(What this task involves) When the line with "sisevac-restoran (2)" comes up, set it down and every later line to the end of the data, exactly and without pictures.

(Supplied information)
***
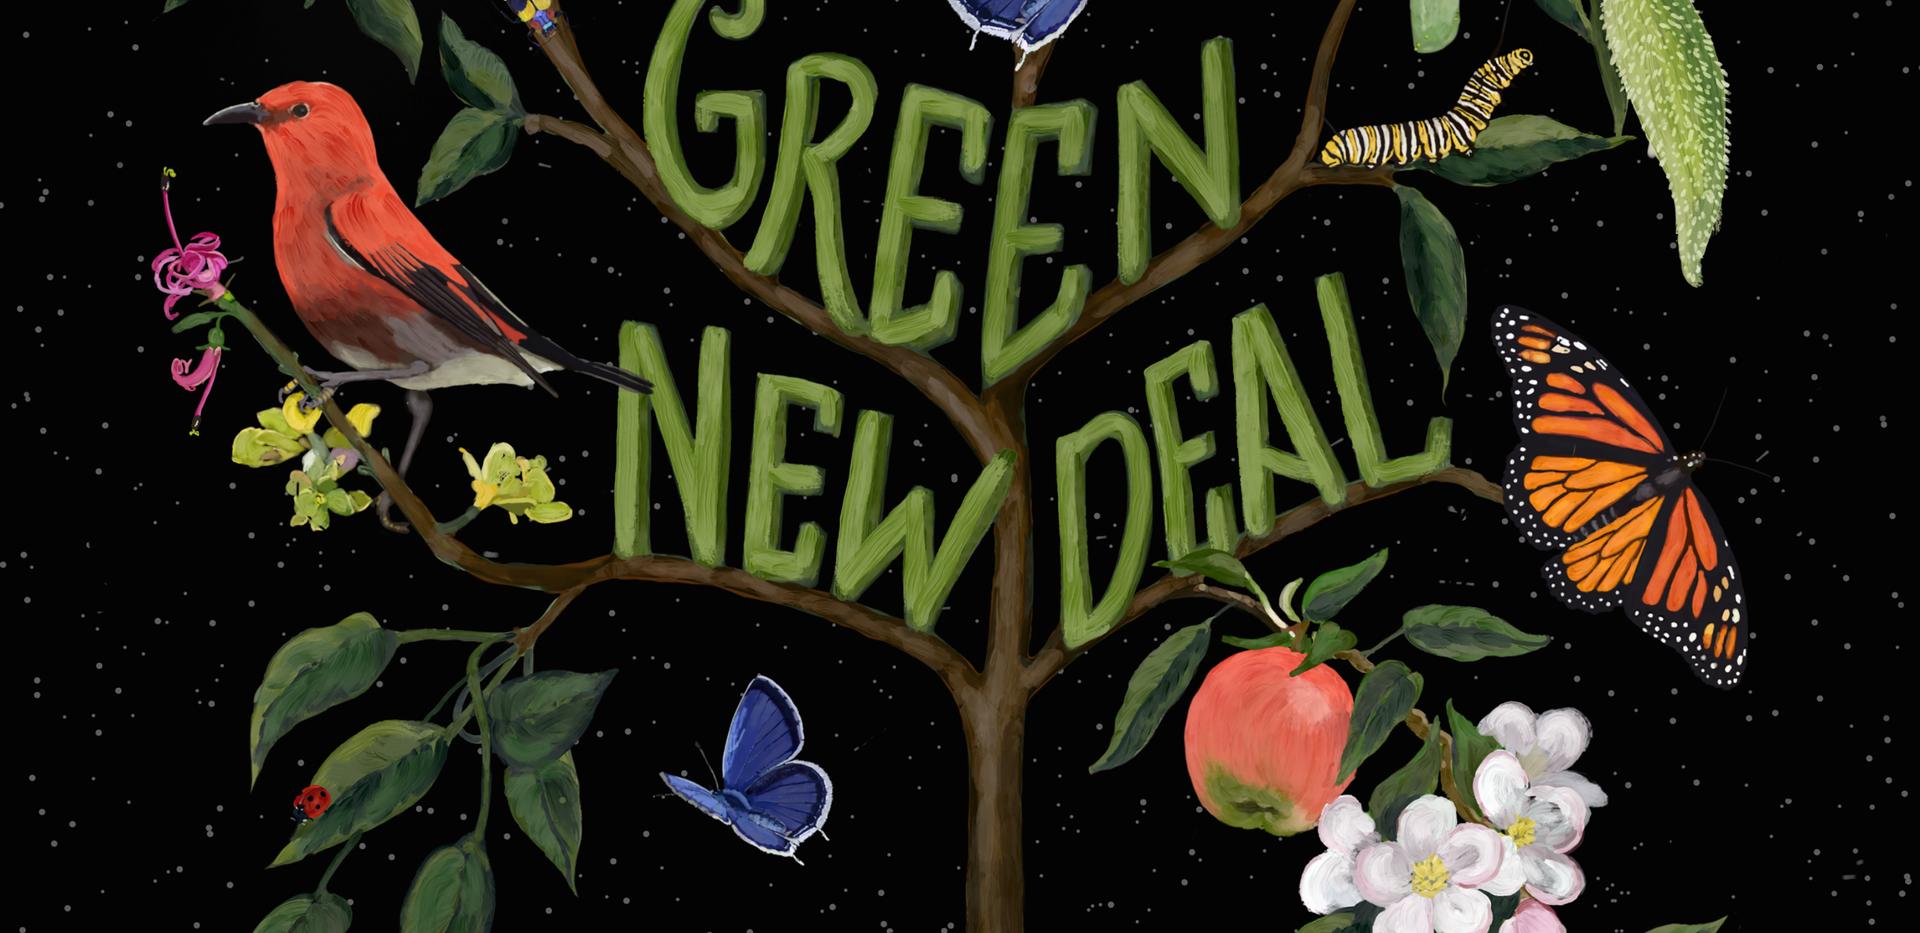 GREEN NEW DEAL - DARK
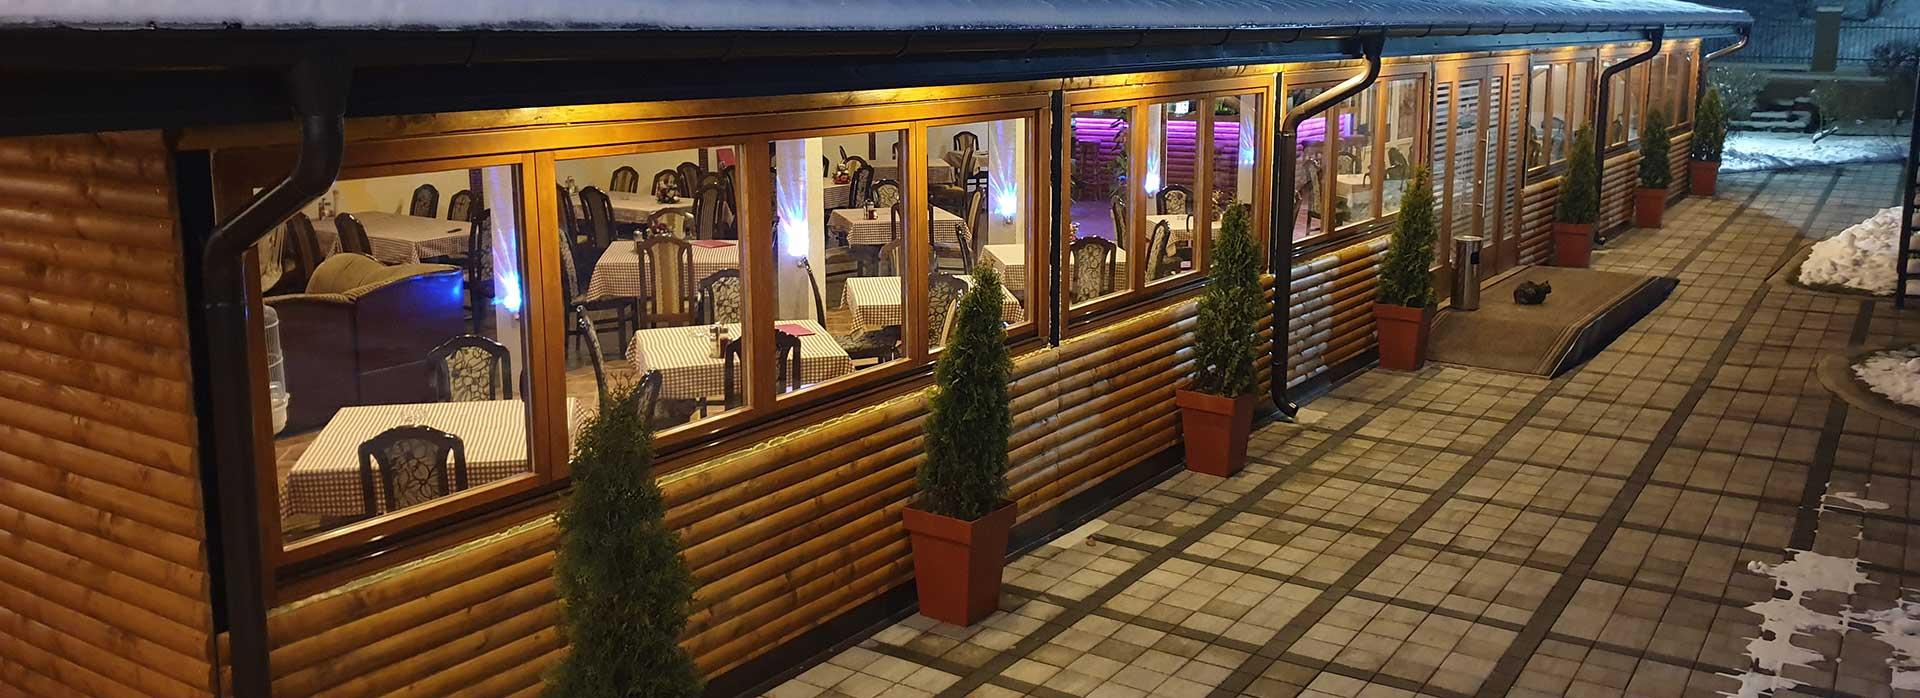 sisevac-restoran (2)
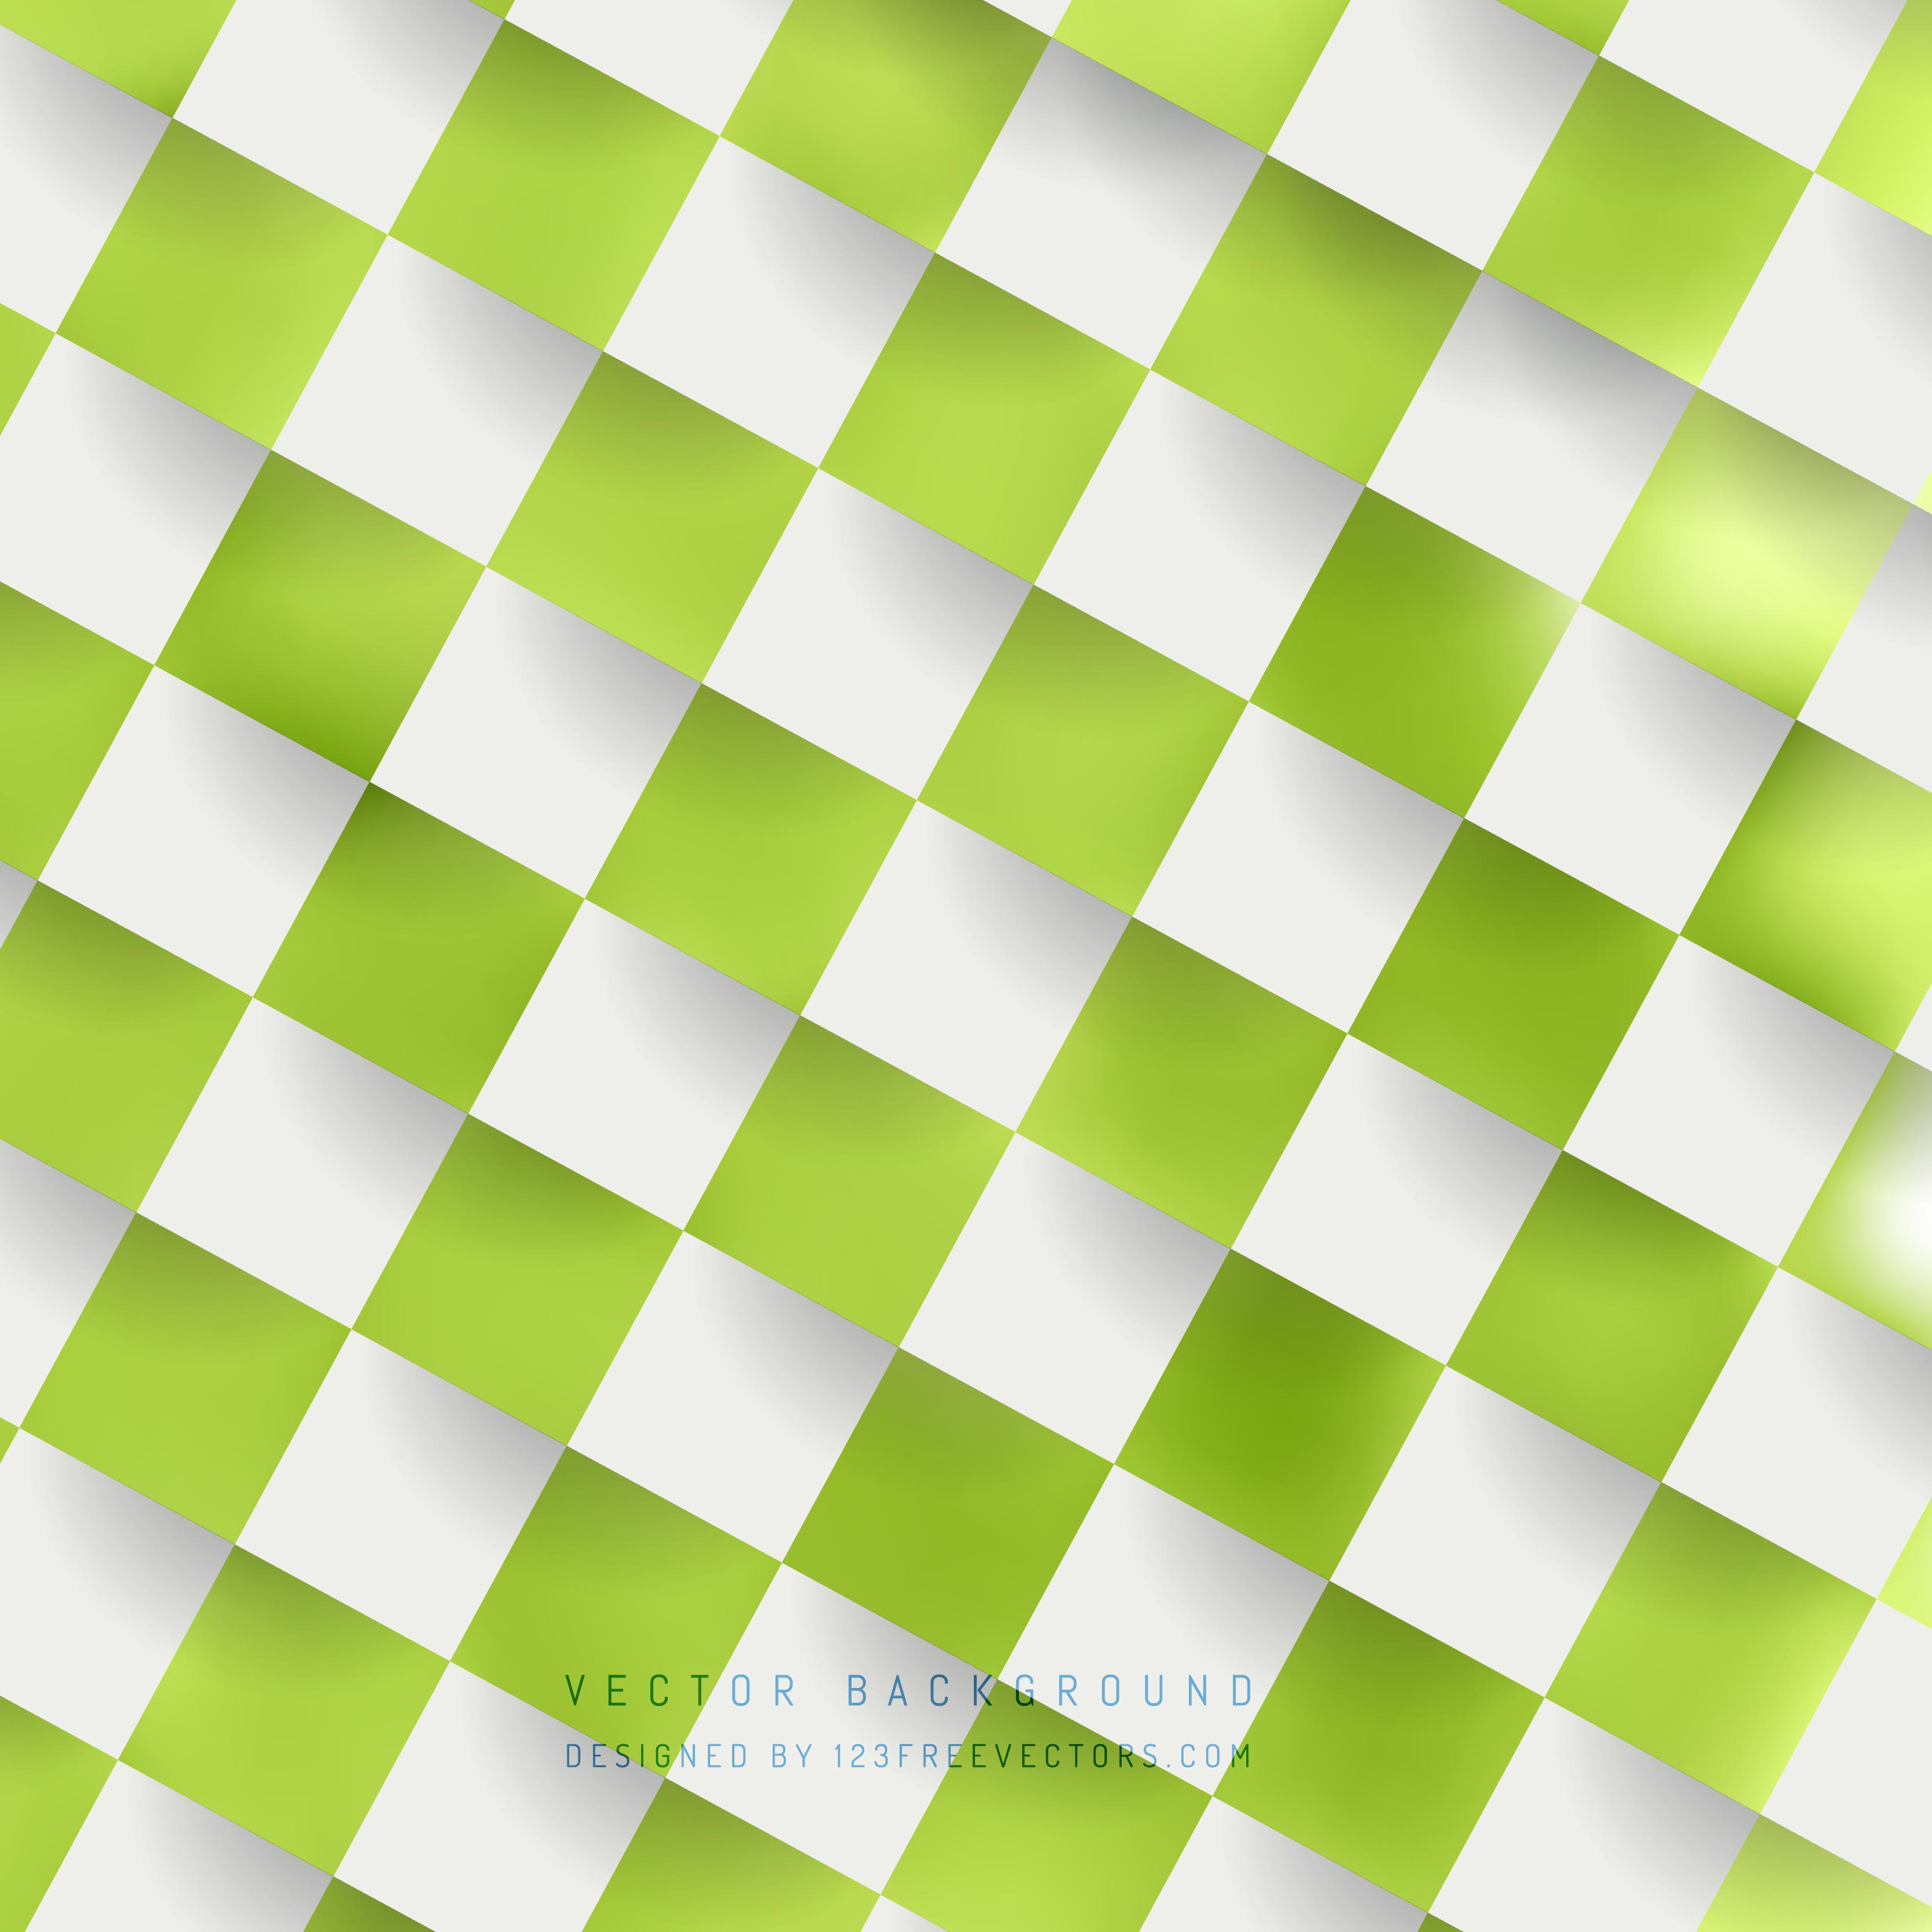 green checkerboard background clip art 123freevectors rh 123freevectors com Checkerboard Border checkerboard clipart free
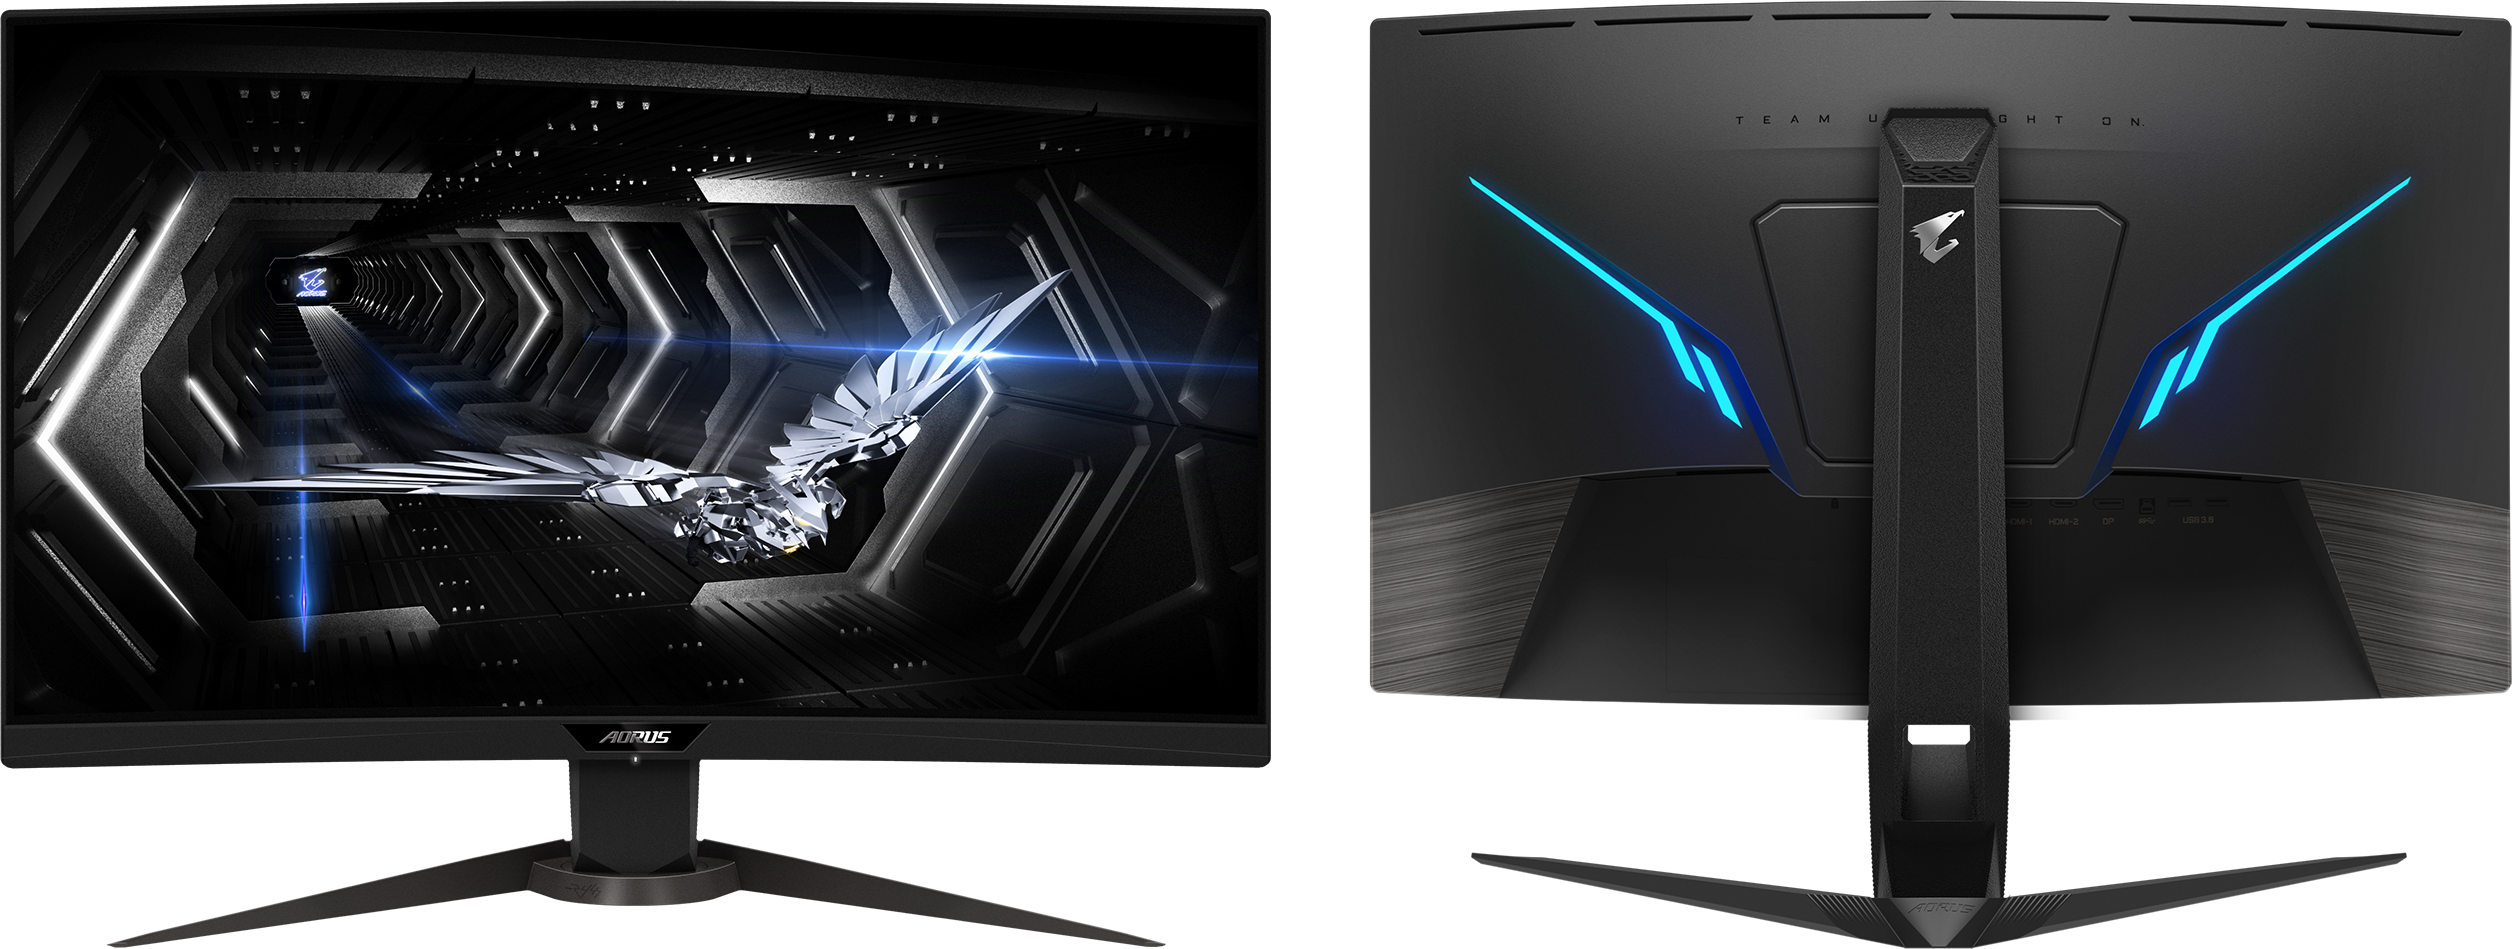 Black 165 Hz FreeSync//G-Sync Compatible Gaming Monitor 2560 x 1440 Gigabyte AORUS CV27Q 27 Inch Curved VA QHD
***
(Answer)
 sisevac-restoran (2)
 green checkerboard background clip art 123freevectors rh 123freevectors com Checkerboard Border checkerboard clipart free
 Black 165 Hz FreeSync//G-Sync Compatible Gaming Monitor 2560 x 1440 Gigabyte AORUS CV27Q 27 Inch Curved VA QHD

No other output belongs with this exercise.